CONCLUSION. Adolescent idiopathic scoliosis seems to be a
multifactorial skeletal disorder. The role of exercising and heredity in its development remain controversial.

The information provided by members of Spine-Health should never be considered as formal medical advice. It is recommendations based on member's personal experiences only. This can vary from person to person, so do not take comments as medical rules. Edited by moderator Paulgla


  • My scolisois started after my first spine surgery.
    I have heard it can be heridtary though.

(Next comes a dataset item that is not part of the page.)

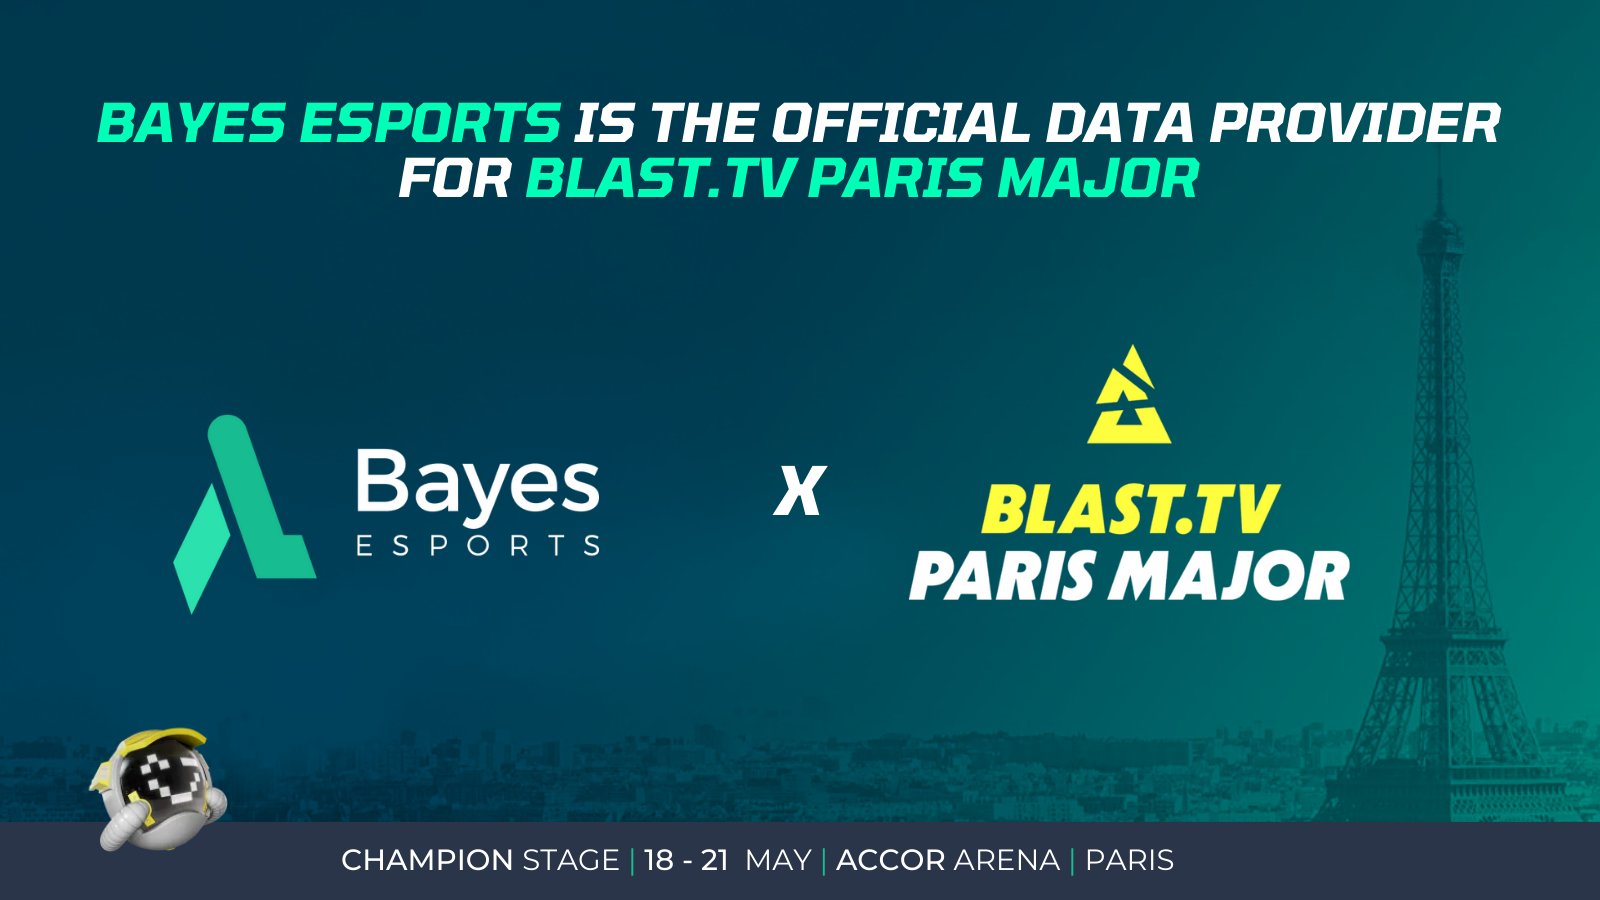 Blast CS:GO Major heading to Paris in 2023 - SportsPro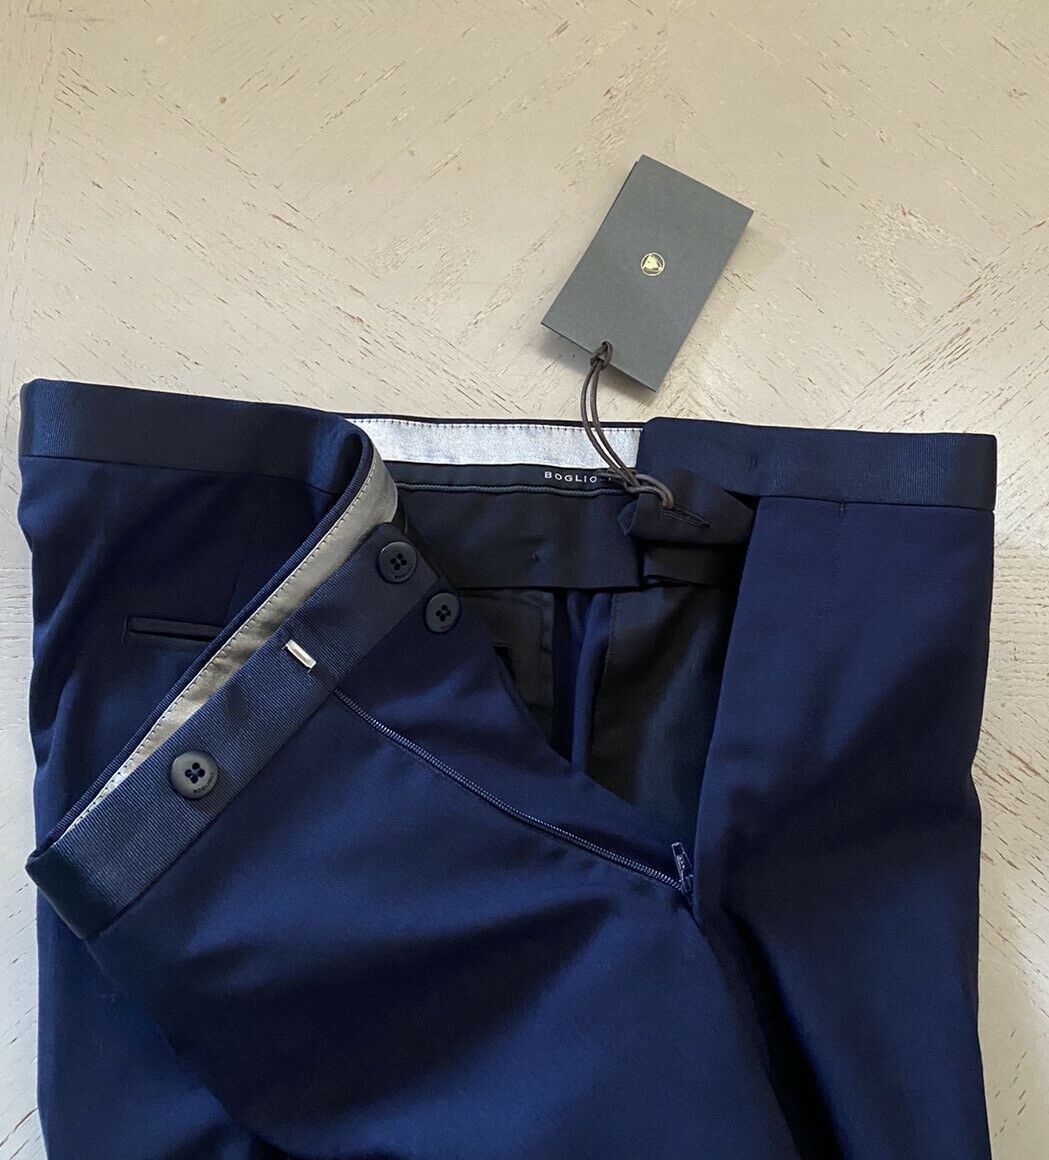 NWT $950 Boglioli Men’s Tuxedo Pants Navy 38 US ( 54 Eu ) Italy

  • kfrahm92kkfrahm92 Posts: 1
    edited 03/05/2015 - 10:40 AM
    I've always had some back pain growing up, and I knew that my dad struggled with back pain for as long as I can remember. Later I found out that it was scoliosis that caused the back pain; when I was 18 I was in my first car accident that had in resulted in a possible spinal injury. I was alright, but I was very close to having broken my back. Later, that year I went to a chiropractor because my back pain had become unbearable. When they finally took x-rays it was noticed that I had mild scoliosis (from my neck, down to my thoracic cavity). I am pretty sure my dad's curvature in his spine is in the same area as mine, and also I believe that my grandmother has scoliosis as well. To this day, I still struggle with back pain to the point where I am taking ibuprofen quite often to handle the pain. Is it possible that my condition is heredity? I've heard that less than 2% or something have scoliosis that was heredity, and the most common cause is just randomly caused. If it is hereditary, than will it worsen as I age?